Her works are: Everything But The Truth (2017), Anything You Do Say (published as The Choice in North America), No Further Questions (published as The Good Sister in North America), The Evidence Against You, How To Disappear, which reached number 8 on the Sunday Times bestseller list, That Night which was a Richard & Judy book club pick, reached number 8 on The Sunday Times bestseller list and number 1 on the Kindle Store and Wrong Place Wrong Time which became an immediate Sunday Times bestseller in hardback reaching position 4. Wrong Place Wrong Time was chosen for the Reese Witherspoon's book club for August 2022. The following week, it reached number 2 on the New York Times bestsellers list.

Life and career

McAllister was born in Sutton Coldfield and raised in Tamworth.
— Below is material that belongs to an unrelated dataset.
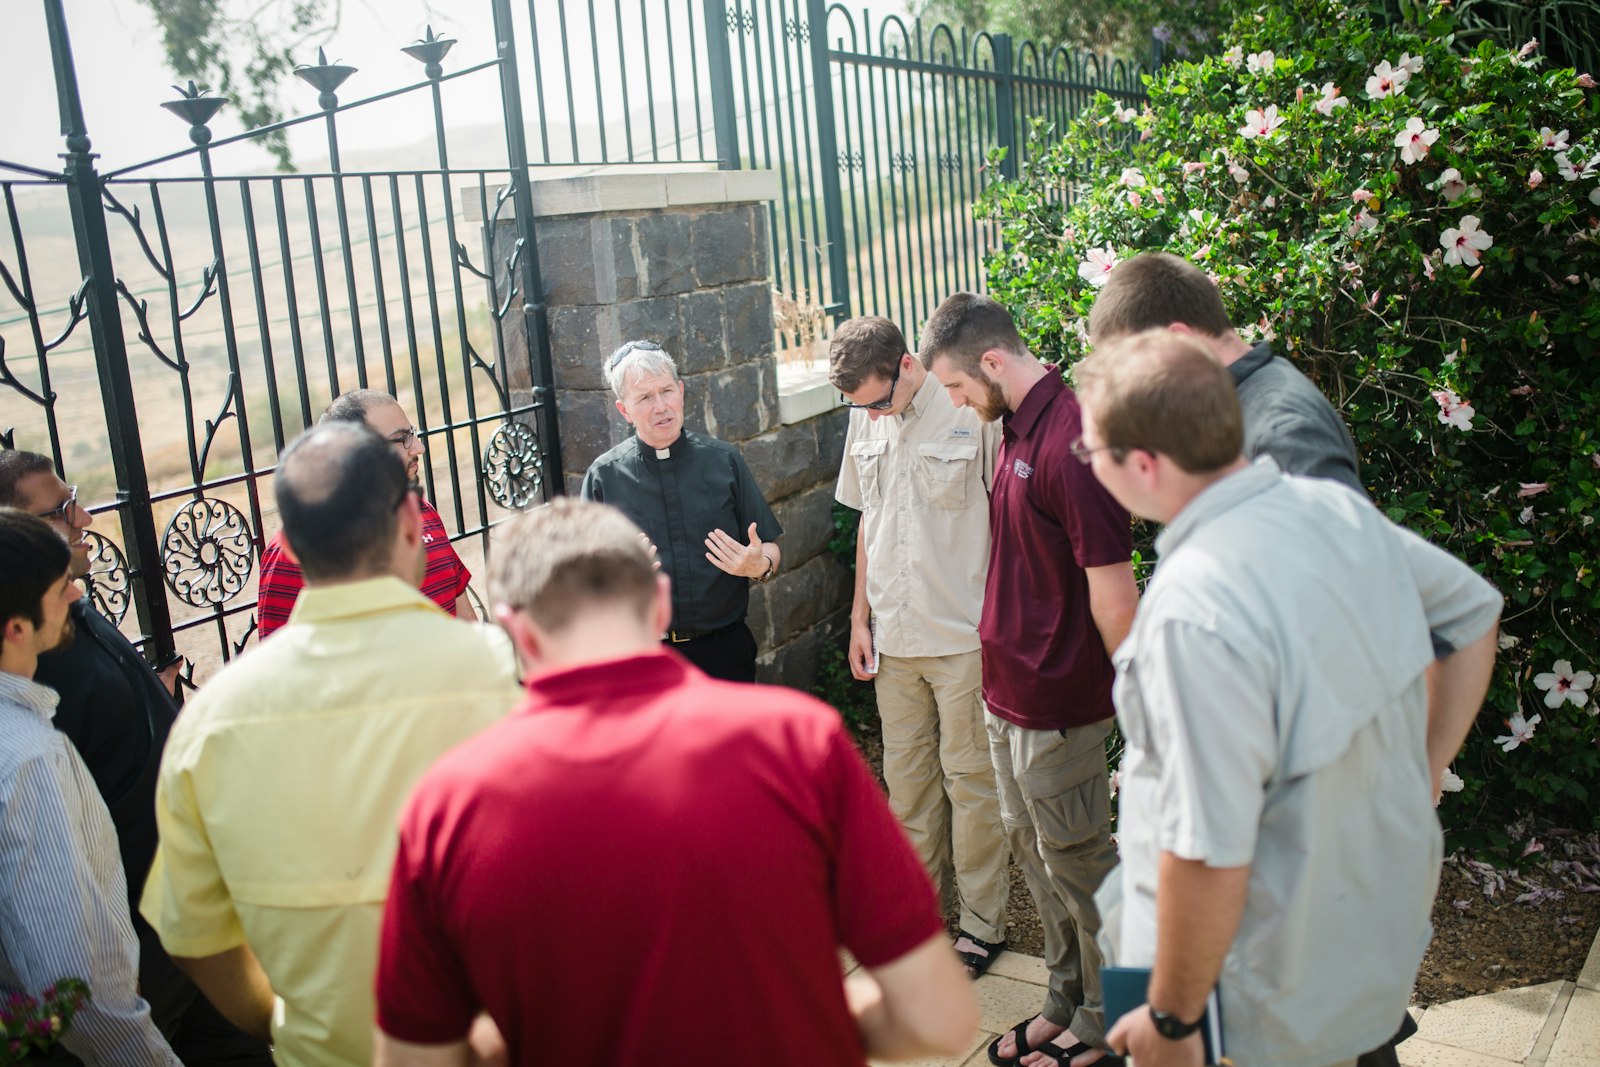 Msgr. Trapp leads a group of seminarians during a pilgrimage to the Holy Land in 2016, explaining sites important in the life of Christ and helping seminarians to pray through the experience as they discerned their own vocation as Christ's disciples and, one day, priests. (Courtesy of Sacred Heart Major Seminary)

After attending Belgrave High School in Tamworth (now known as Tamworth Enterprise College) and receiving A-Levels, McAllister read English at the University of Birmingham, receiving a 2:1 BA Hons. She then converted to law, studying the GDL and receiving a commendation. McAllister received a distinction in her Legal Practice Course (LPC) from The College of Law, before working as a solicitor in two Birmingham-based legal practises.

McAllister wrote fiction in her spare time throughout adulthood, often writing in the evenings and commutes to and from work. She finished her first full (unpublished) novel while suffering from glandular fever for two years. Her debut published novel, Everything But The Truth, was published by Michael Joseph, an imprint of Penguin Random House UK,. In its first week, Everything But The Truth reached number six in the Sunday Times Bestseller List. Translation rights have been sold to several foreign publishers. Each of her subsequent novels have been top 20 bestsellers, with her fifth and six, How To Disappear and That Night, hitting the top ten. That Night was selected for the Richard and Judy book club and reached number 1 on the Kindle Store. 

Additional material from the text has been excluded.